Lesson: Disjoint Data Populations Breaking Multimodal Joins

Lesson: Disjoint Data Populations Breaking Multimodal Joins

Problem

Multimodal clustering required images to have both CLIP image embeddings AND text embeddings. The intersection of these two sets was empty — 0 images qualified. The clustering silently logged a warning and returned 0 results.
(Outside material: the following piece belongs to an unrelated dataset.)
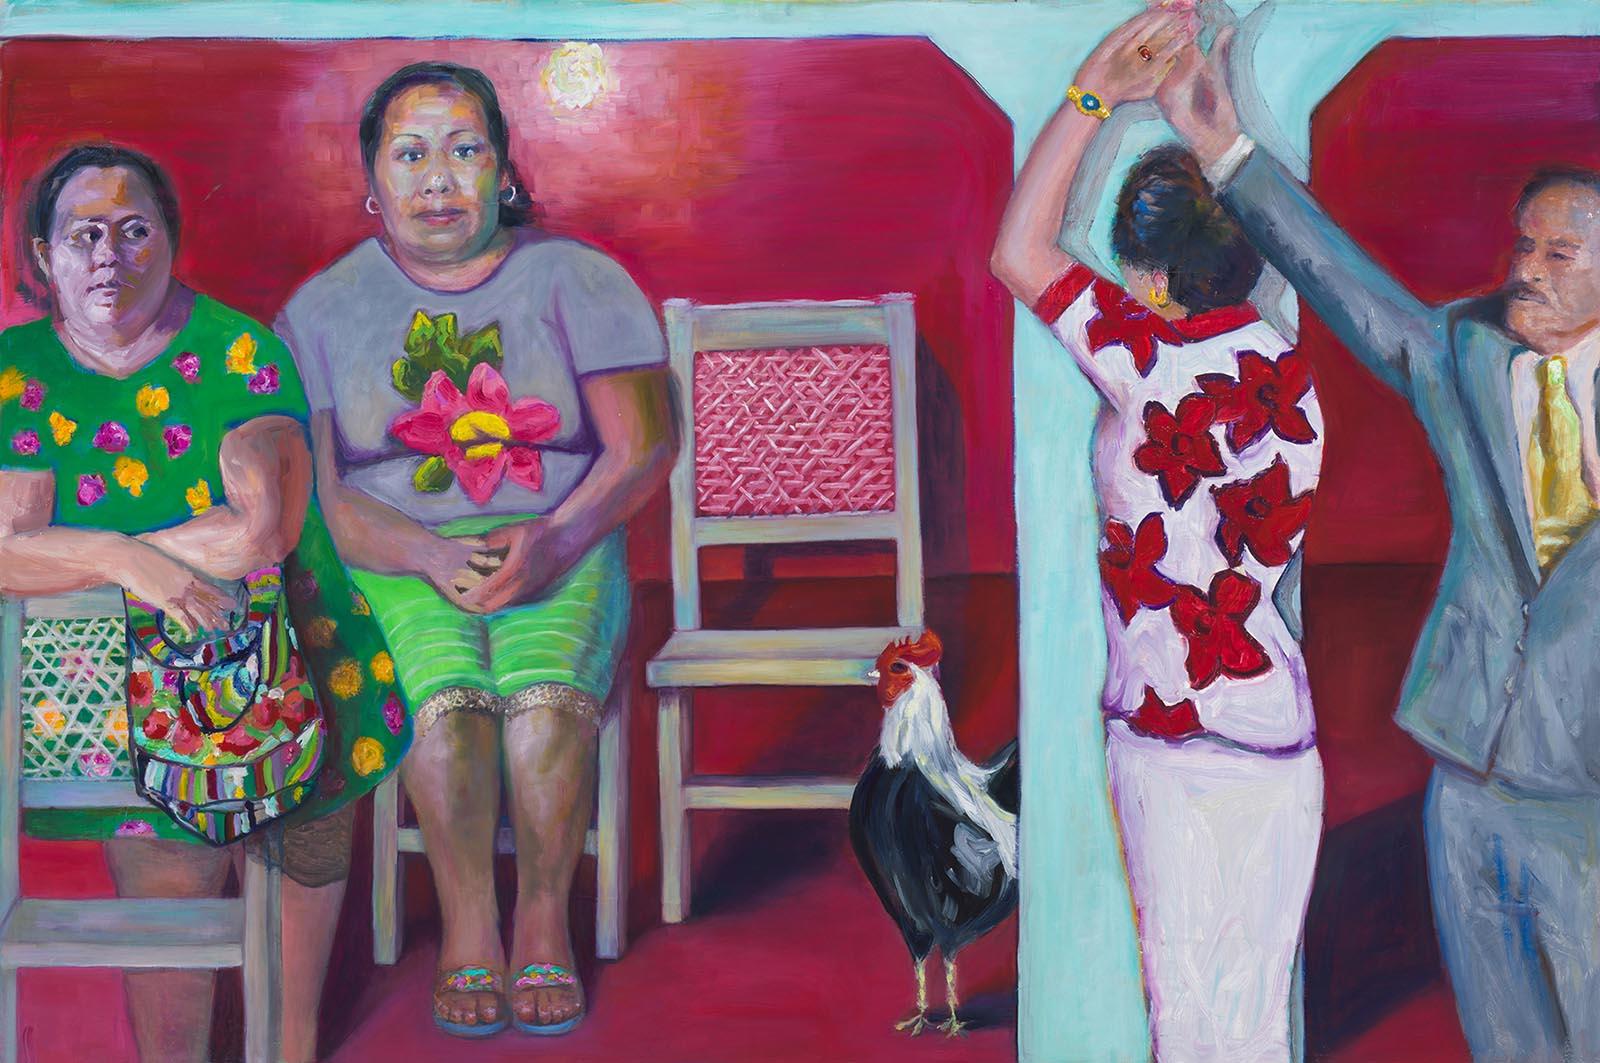 Dance by Jessica Alazraki, 2016, Oil on Canvas, 48x70 inches, for sale

The pipeline appeared to work, but an entire analysis dimension produced no output.

Why It Matters

When a data pipeline joins two tables and gets zero rows, the first instinct is "there's a bug in the join." But sometimes the data genuinely has no overlap, and the bug is in the assumption that it would. This lesson is about tracing data lineage to understand why two populations don't intersect, and designing systems that degrade gracefully when they don't.

Root Cause Analysis

The two populations

dim_image contains 12,736 images from two distinct sources:

Population image_sk range Count Source IDs Has thumbnails Has text
NASA editorial 13256–13774 519 NHQ..., KSC-... No 502 yes
Mission photos 13775–25991 12,217 ART002-E-... Yes (all) No

The selection filters

CLIP image embeddings selected images with thumb_downloaded = true:

WHERE di.thumb_downloaded = true  -- only mission photos (12,217)
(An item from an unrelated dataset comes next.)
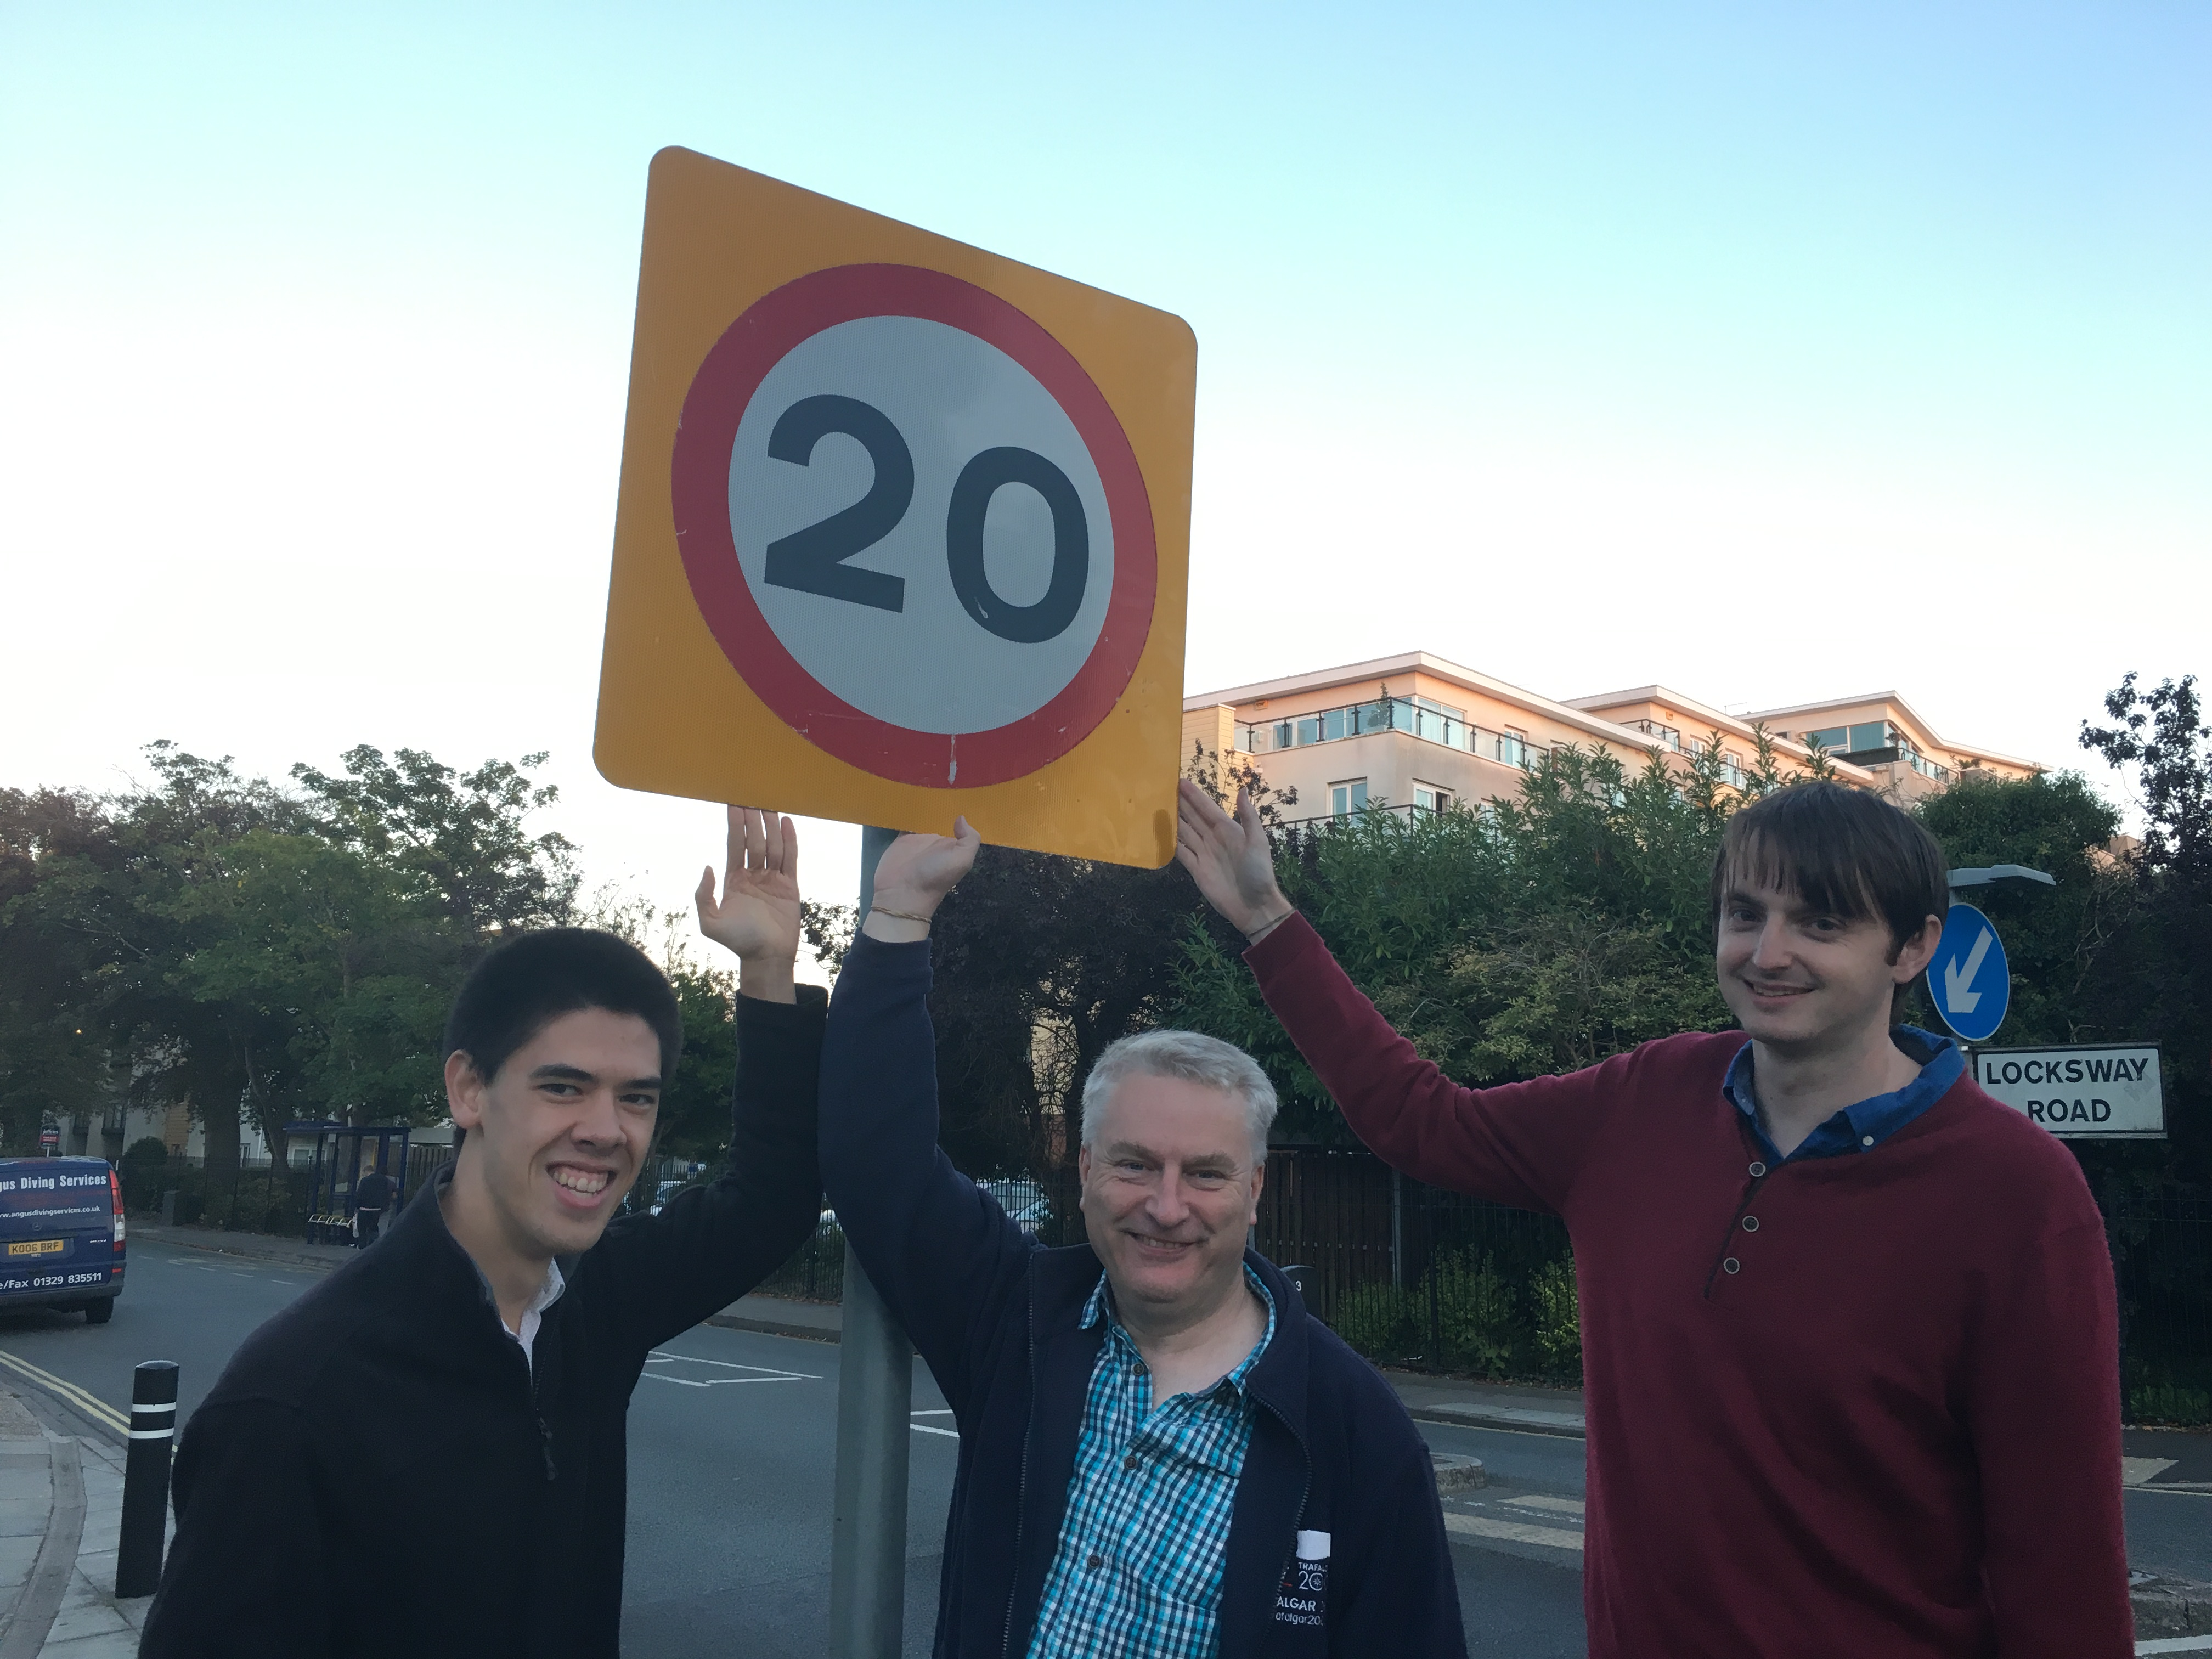 Tackling Speeding on Locksway Road

Text embeddings selected images with titles or descriptions:

WHERE (di.title IS NOT NULL OR di.description IS NOT NULL)  -- only editorial (502)

The causal chain

Mission photos  →  have thumbnails  →  get CLIP embeddings  →  no text metadata
Editorial images →  have text        →  get text embeddings  →  no thumbnails

CLIP ∩ Text = ∅

The two selection criteria are anti-correlated — satisfying one practically guarantees not satisfying the other.

How It Was Discovered

  1. Clustering ran successfully with visual and text types

  2. Multimodal logged: "No common images for multimodal clustering"

  3. Investigation queried the image_sk ranges:

    • CLIP embeddings: min=13775, max=25991
    • Text embeddings: min=13256, max=13774
    • The ranges are perfectly adjacent and non-overlapping
  4. Further investigation revealed the two populations have different source naming patterns, different vote_pool_flag values, and completely different metadata profiles

The Fix

Changed the multimodal clustering from requiring intersection to using union with optional components:

# Before: required both CLIP and text
common_sks = sorted(set(vis_sks) & set(txt_sks))
if not common_sks:
    logger.warning("No common images for multimodal clustering")
    results[ctype] = 0
    continue

# After: CLIP is the backbone, text is optional (zero-filled when absent)
image_sks = vis_sks  # all images with CLIP embeddings
txt_rows = []
for sk in image_sks:
    if sk in txt_map:
        txt_rows.append(txt_map[sk])
    else:
        txt_rows.append(np.zeros(txt_dim, dtype=np.float32))

The weights were also adjusted to reflect that text is sparse and voters choose by appearance:

Design Patterns

1. Union with optional features, not intersection with required features

When combining multiple feature sets, design for the common case (some features missing) rather than the ideal case (all features present). Zero-fill or impute missing features rather than dropping entire rows.

2. Weight by coverage, not just importance

Even if text embeddings were theoretically valuable, they cover only 4% of the dataset (502/12,217). Giving them 30% weight means the multimodal vector is 30% noise for 96% of images. Weight should reflect both signal quality and signal availability.

3. Log more than warnings for zero-result joins

The original code logged a warning and continued. A better approach would also log the sizes of the two input sets:

logger.warning(
    f"No overlap: {len(vis_sks)} CLIP embeddings, {len(txt_sks)} text embeddings, "
    f"image_sk ranges: CLIP [{min(vis_sks)}-{max(vis_sks)}], text [{min(txt_sks)}-{max(txt_sks)}]"
)

This would have made the diagnosis immediate instead of requiring manual investigation.

4. Validate assumptions about data populations early

A data quality check at the end of the load step could have caught this:

SELECT
    count(CASE WHEN thumb_downloaded AND title IS NOT NULL THEN 1 END) as both,
    count(CASE WHEN thumb_downloaded THEN 1 END) as thumbs_only,
    count(CASE WHEN title IS NOT NULL THEN 1 END) as text_only
FROM dim_image;

If both = 0, the pipeline should warn that multimodal features will have no overlap.

Broader Lesson

When your pipeline joins data from multiple extraction paths, ask: do those paths ever produce results for the same entity? If the extraction criteria are different (one path selects by file availability, another by metadata presence), the intersection may be smaller than expected — possibly empty.

This pattern appears in many contexts:

The fix is always the same: design for graceful degradation, weight by availability, and validate overlap assumptions early.